**SOURCE MATERIAL**:

-----

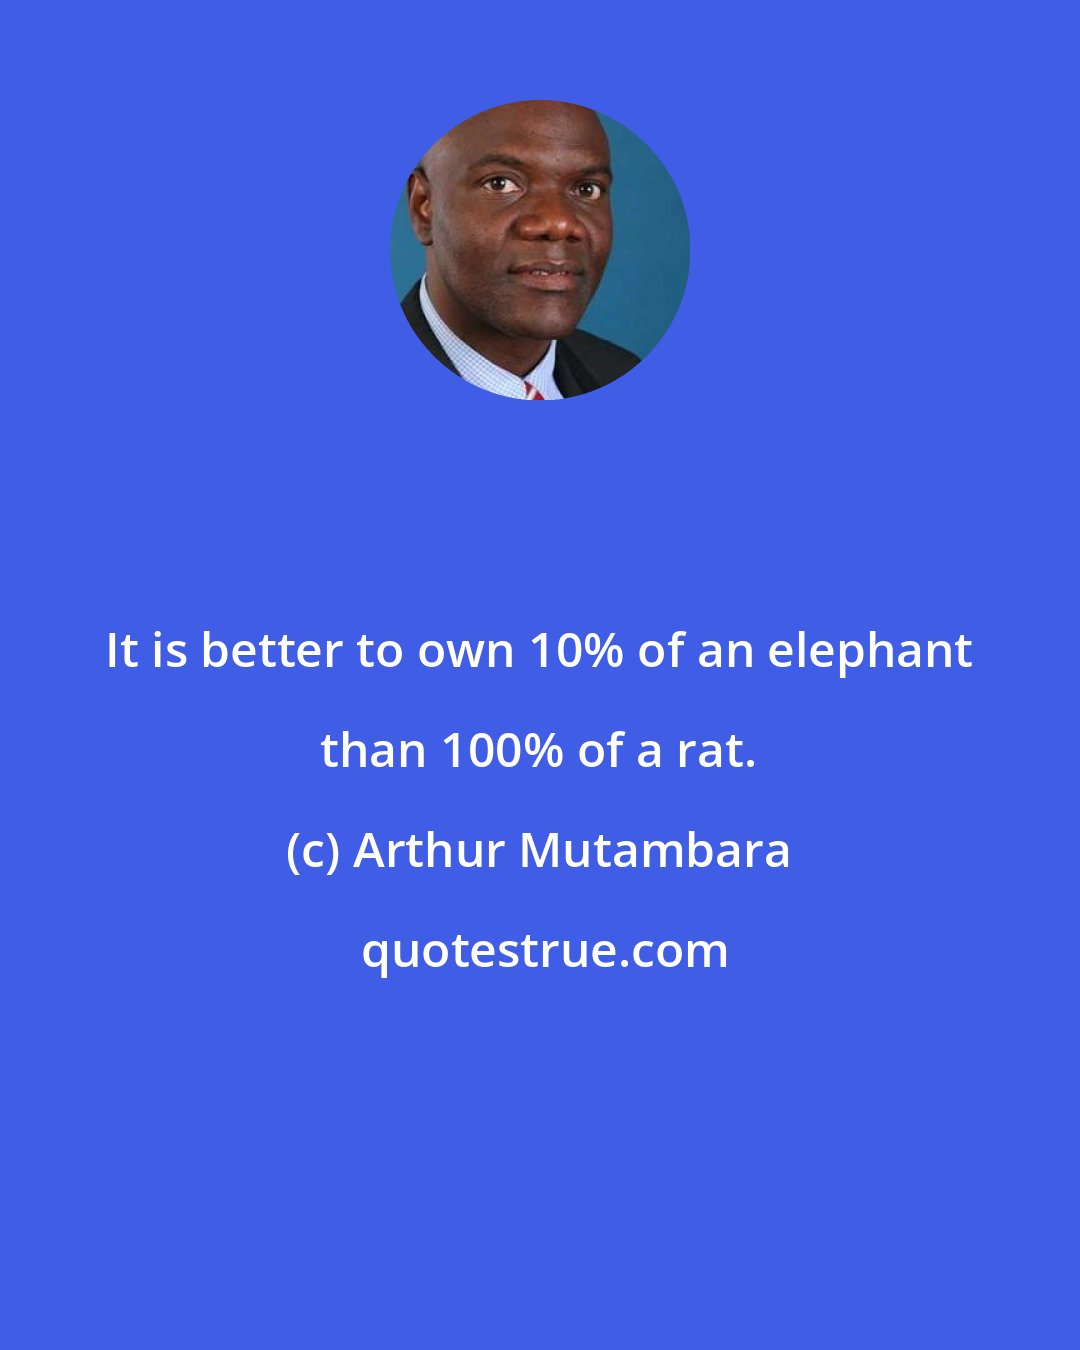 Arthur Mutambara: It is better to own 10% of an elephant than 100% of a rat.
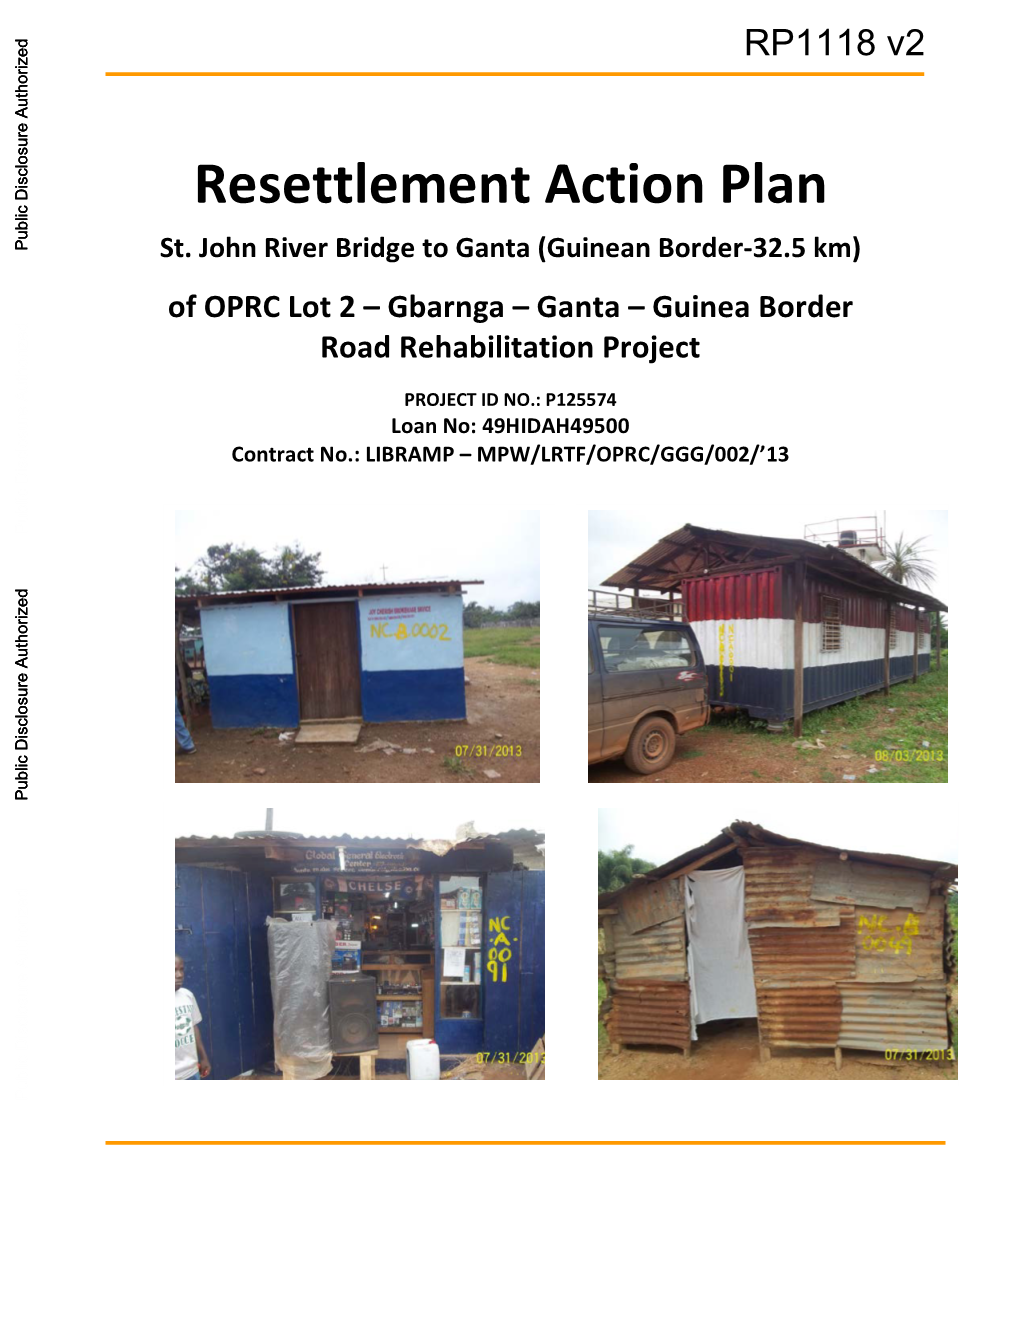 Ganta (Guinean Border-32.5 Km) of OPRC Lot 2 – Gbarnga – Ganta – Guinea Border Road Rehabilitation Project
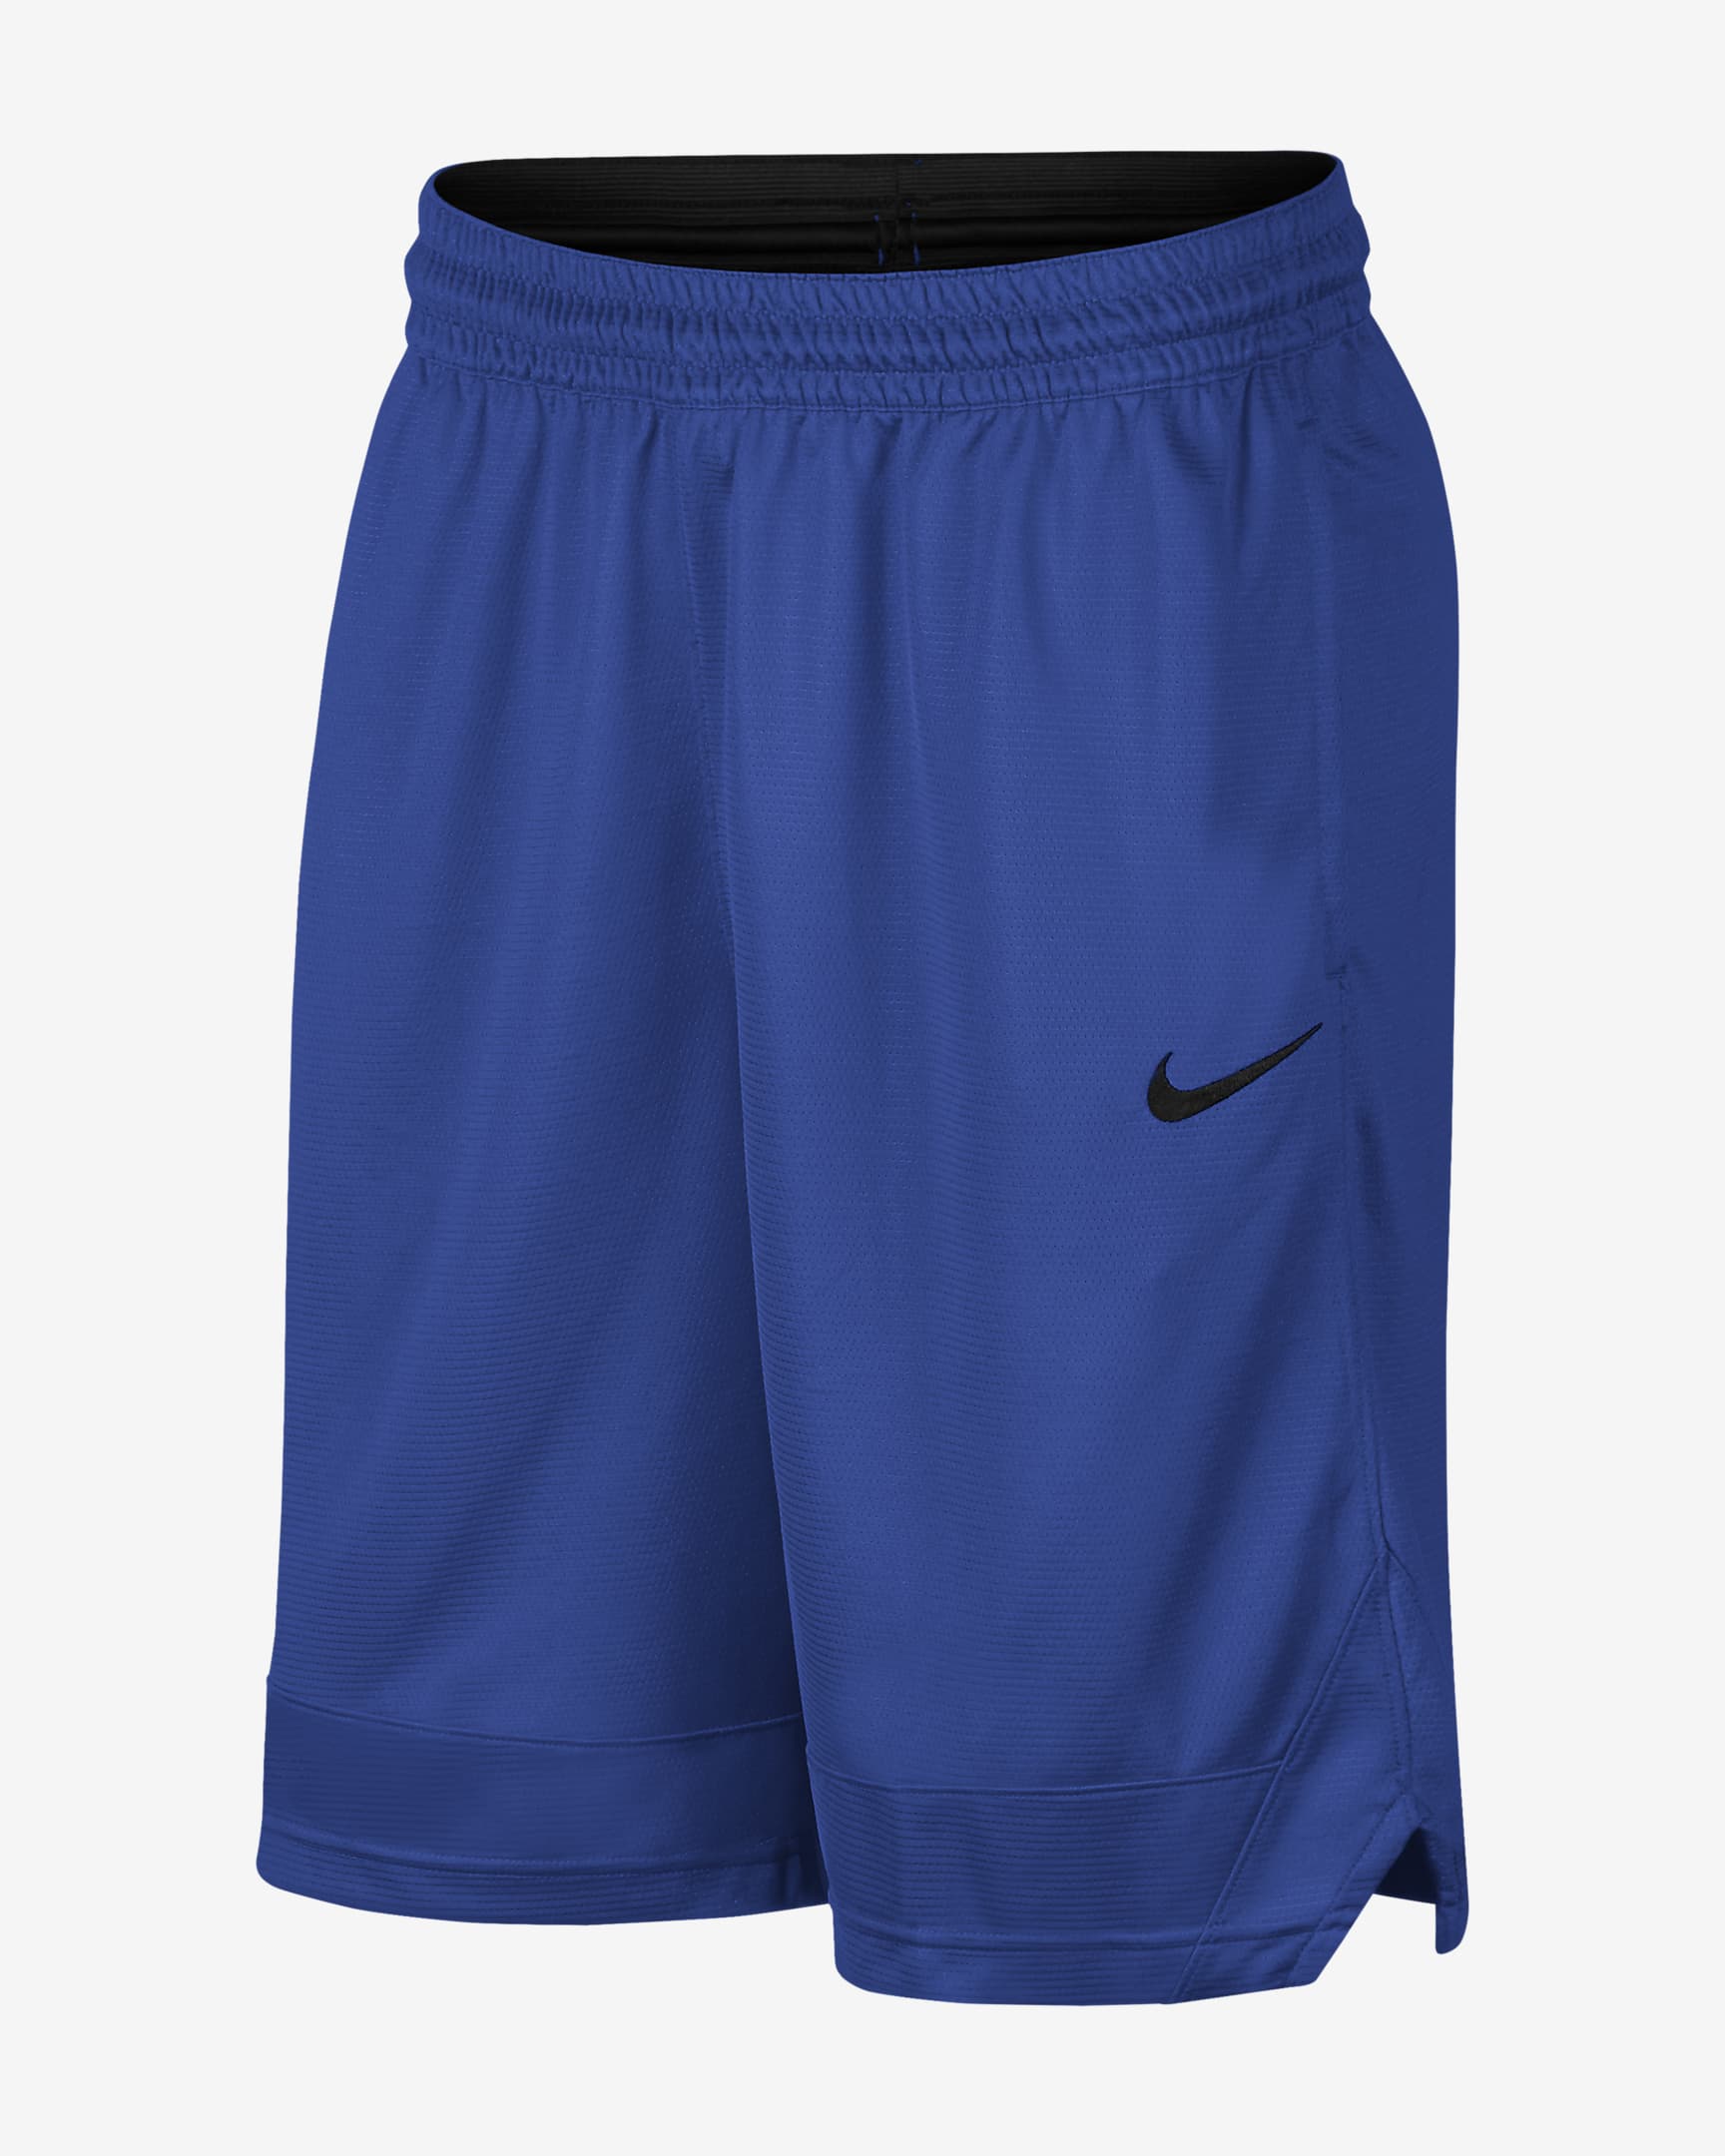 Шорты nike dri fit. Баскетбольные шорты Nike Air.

-----

**REQUIRED WORK**: Copy the listing exactly, omitting pictures.

**SOLVED EXERCISE**:
 Arthur Mutambara: It is better to own 10% of an elephant than 100% of a rat.
 Ganta (Guinean Border-32.5 Km) of OPRC Lot 2 – Gbarnga – Ganta – Guinea Border Road Rehabilitation Project
 Шорты nike dri fit. Баскетбольные шорты Nike Air.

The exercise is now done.